More closely matching the price of electricity with production costs is intended to better inform long-term investment, planning and procurement decisions and make them more responsive to market conditions. Because technologies like solar are becoming increasingly inexpensive to build and operate, in a competitive market price signals will naturally shift investment toward renewables because they are cheaper than coal.

For this plan to work as envisioned, Indonesia’s energy sector must be made to function more like an efficient and competitive market. This is why the CIPP is pushing hard to remove the price cap on coal. If domestic power plants can continue to obtain coal at below market value due to government intervention, then prices are useless as signals because they do not reflect economic reality.

Politics may trump markets

Historically, price signals set by markets have not been particularly effective in the Indonesian energy sector. In fact, one of the explicit goals of energy policy in Indonesia is to buffer consumers from the true cost of energy generation. The Indonesian government wants to deliver electricity to consumers at low and stable prices, insulated from swings in commodity prices and other externalities.

The ability to cap the domestic price of coal is attractive to policymakers for this very reason. After the pandemic, when coal prices were skyrocketing around the world, electricity bills in Indonesia did not move much. That is because PLN – and, ultimately, the government – was eating the losses and the price of coal was being artificially held down.

Control of prices is a powerful policy lever to have and not one the government of Indonesia is likely to give up easily. They will be extremely resistant to any policy framework where consumers are expected to bear increased operating and investment costs because of the political implications of price increases. The country saw widespread protests when it tried to slash fuel subsidies in 2022.

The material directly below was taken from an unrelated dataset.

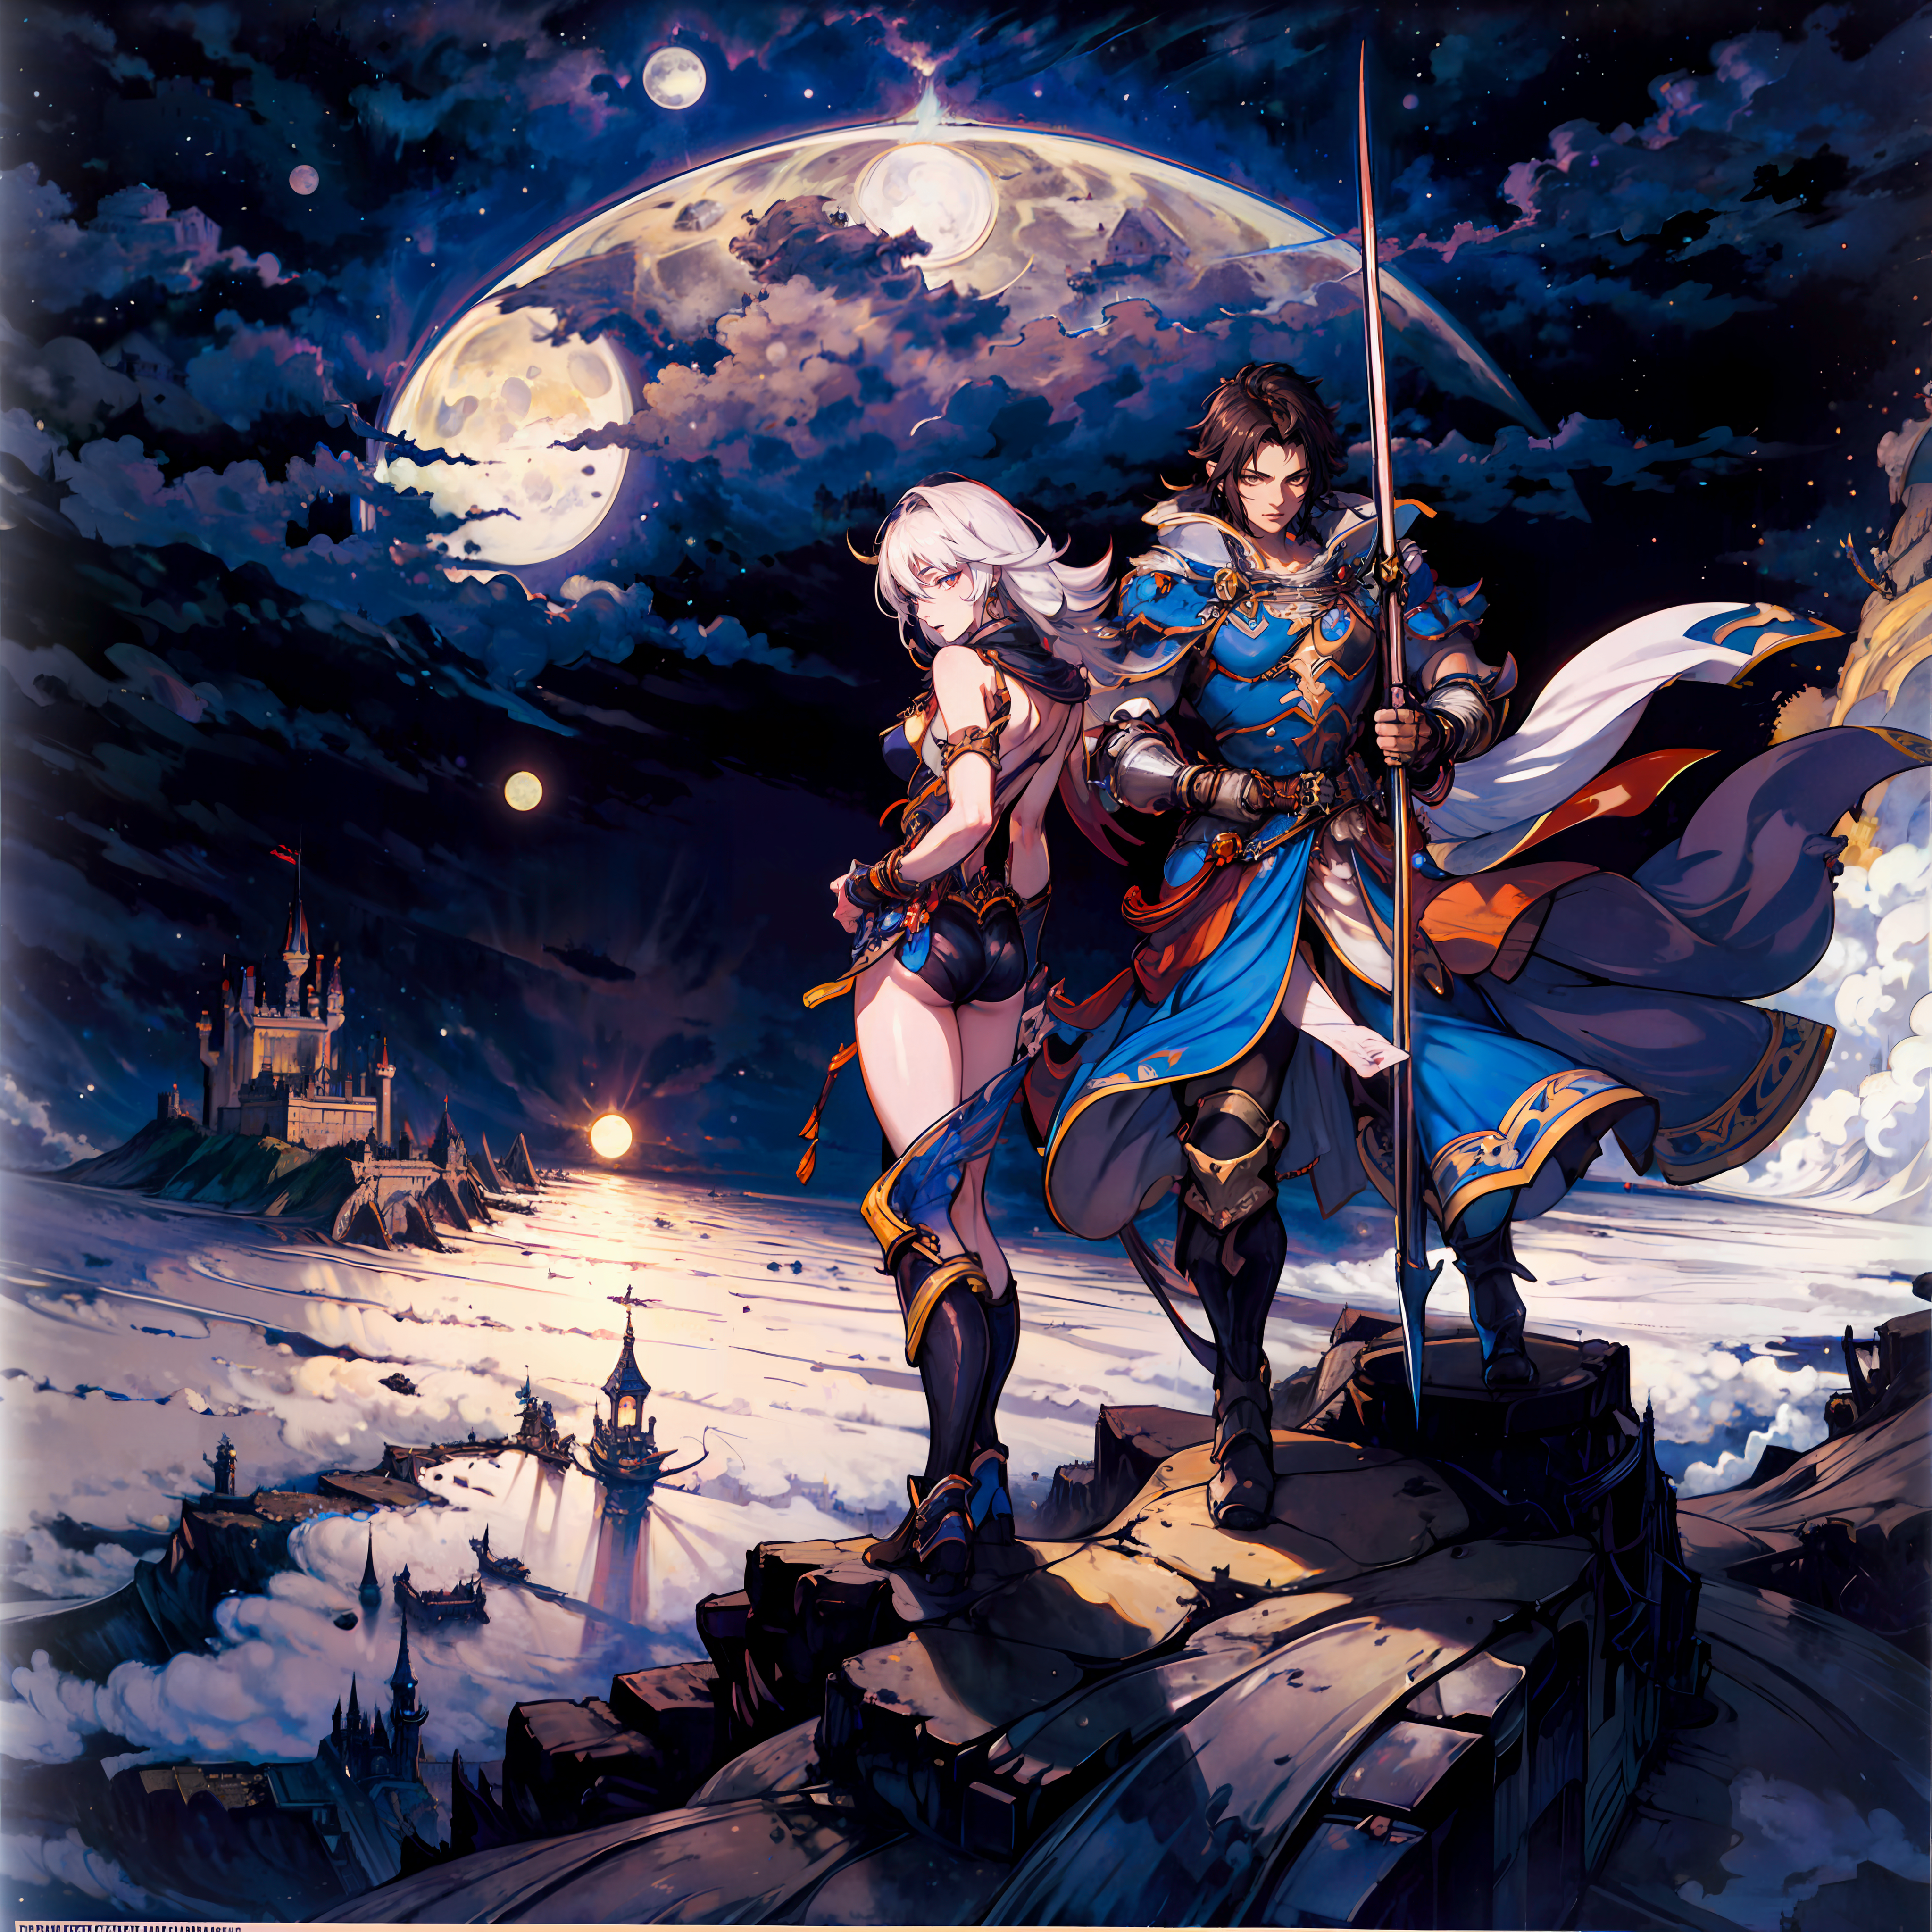 dragoon holding Lance, castle under moonlight, amano yoshitaka, <lora:amano_yoshitaka_offset:1>
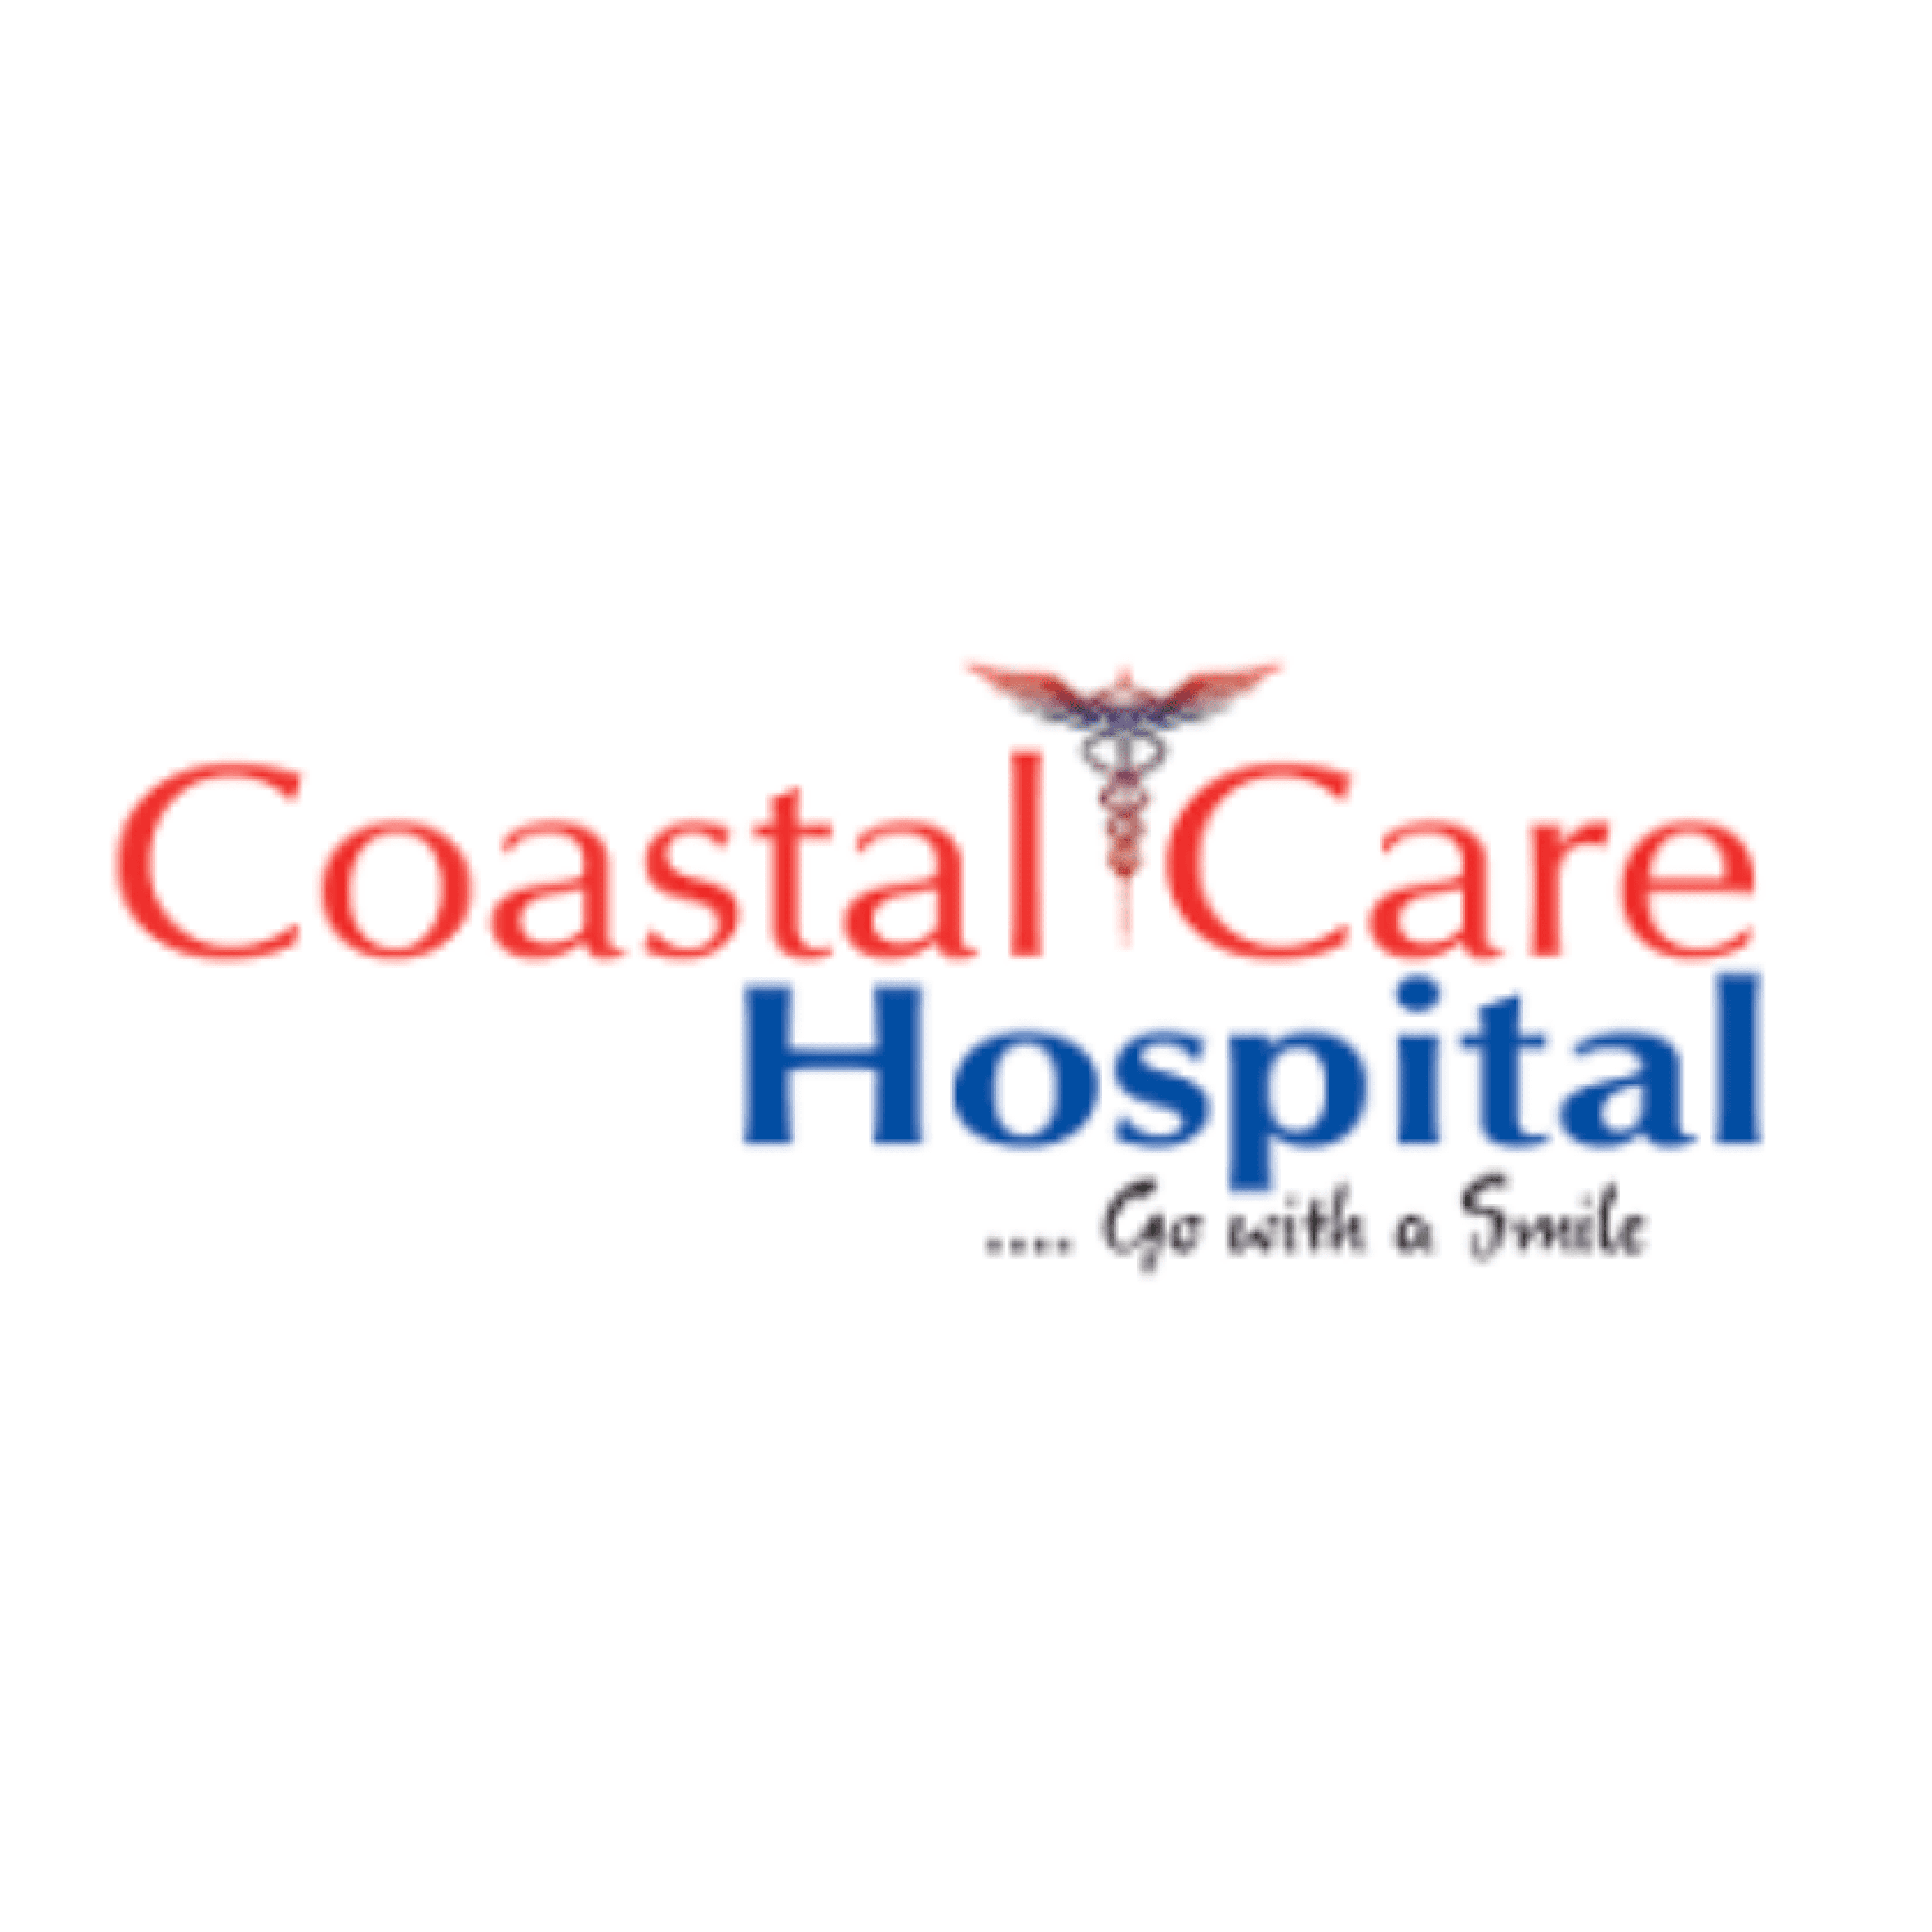 Coastal Care Hospital

Calling for PLN and the structure of the Indonesian energy sector to be overhauled and become more responsive to price signals in just seven years is a very ambitious vision. Expecting consumers to shoulder increased costs of the energy transition while the state absorbs development risk to induce more private investment will not be an appealing proposition for the Indonesian government.

It is clear the JETP investment roadmap was written with an eye toward making Indonesia’s renewable energy sector more attractive to private capital. What is less clear is whether the plan sufficiently accounts for the reality of Indonesia’s political economy and the interests and incentives of key stakeholders like PLN as they actually are, rather than as global investors and markets wish them to be.